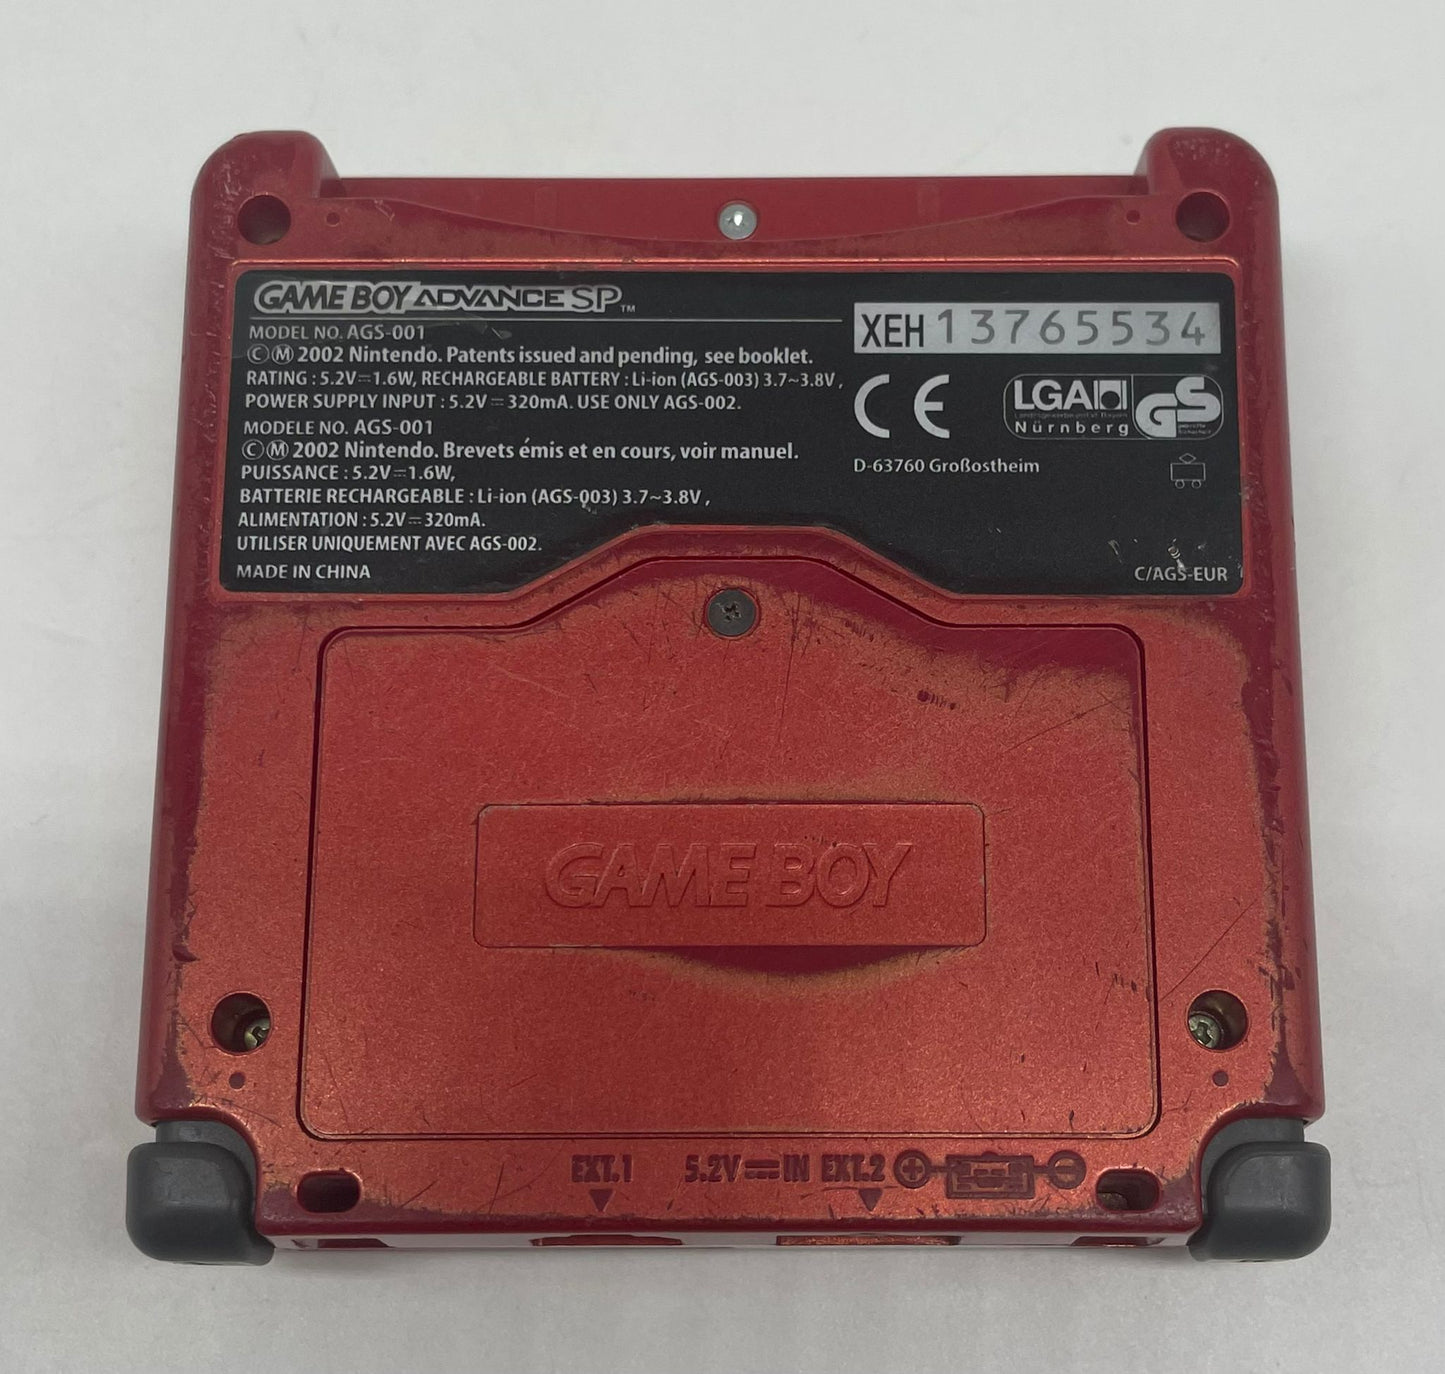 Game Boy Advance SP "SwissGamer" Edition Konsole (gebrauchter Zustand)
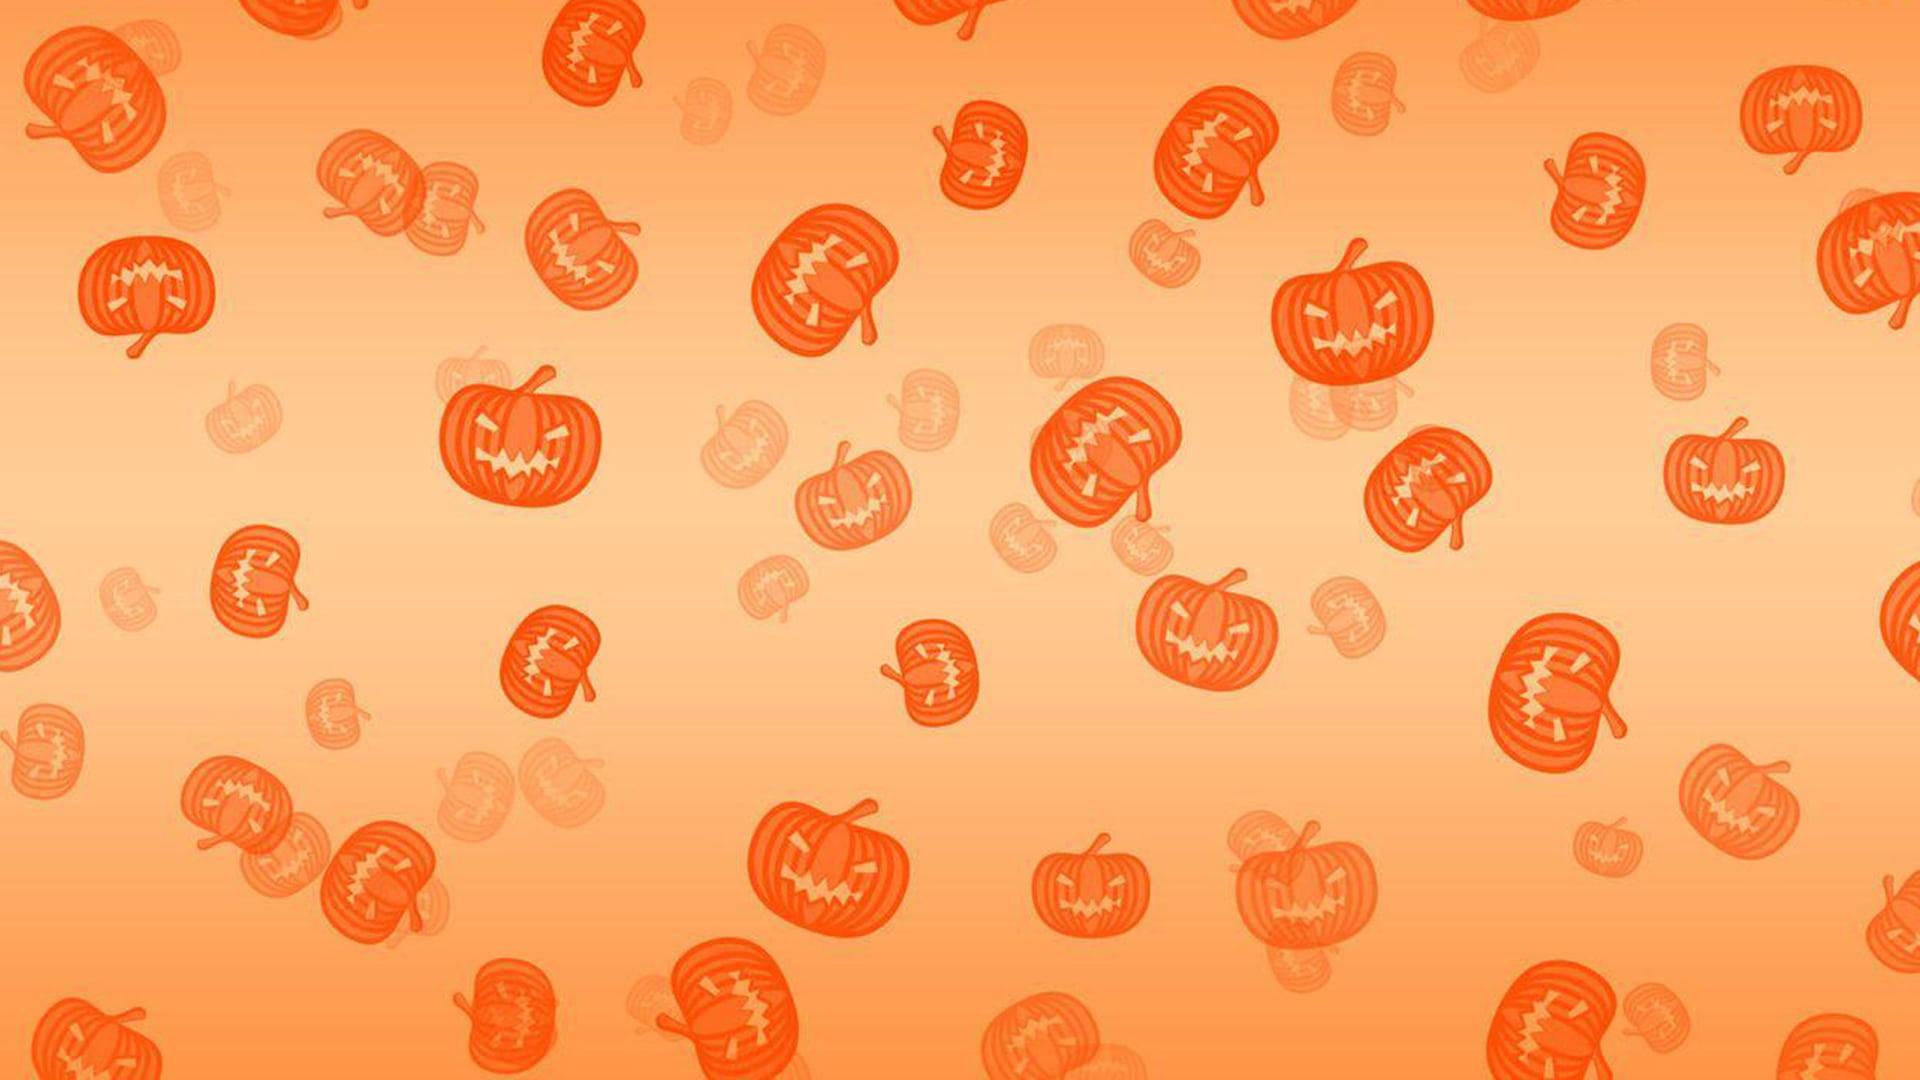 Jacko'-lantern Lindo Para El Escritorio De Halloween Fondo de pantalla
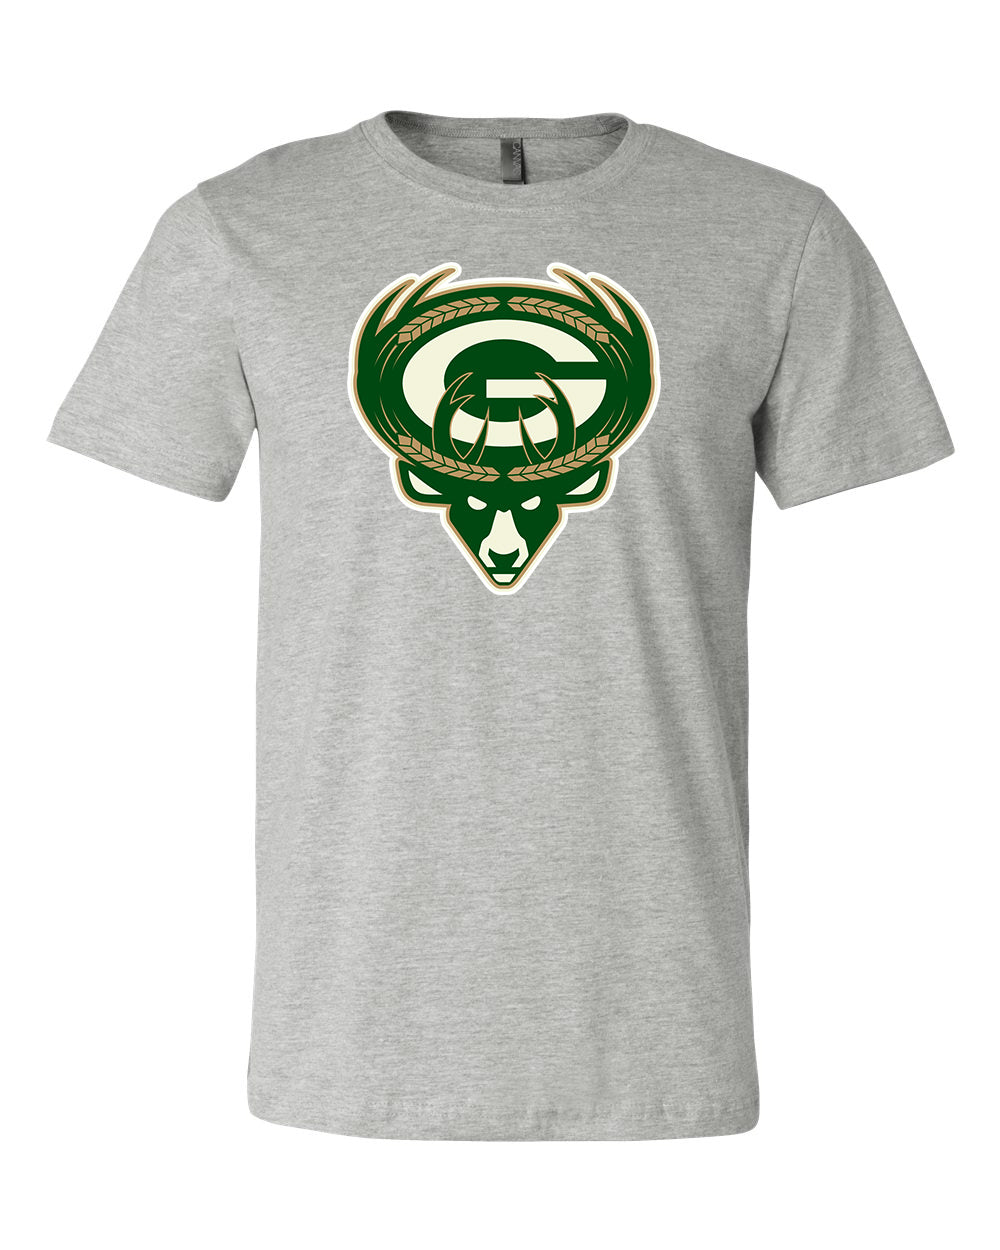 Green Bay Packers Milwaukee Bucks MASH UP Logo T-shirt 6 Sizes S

Task requirements: Only what runs from the line with "Jacko'-lantern Lindo Para" through the last line of the listing above belongs in the answer, set down exactly and free of pictures.

Exercise result:
 Jacko'-lantern Lindo Para El Escritorio De Halloween Fondo de pantalla
 Green Bay Packers Milwaukee Bucks MASH UP Logo T-shirt 6 Sizes S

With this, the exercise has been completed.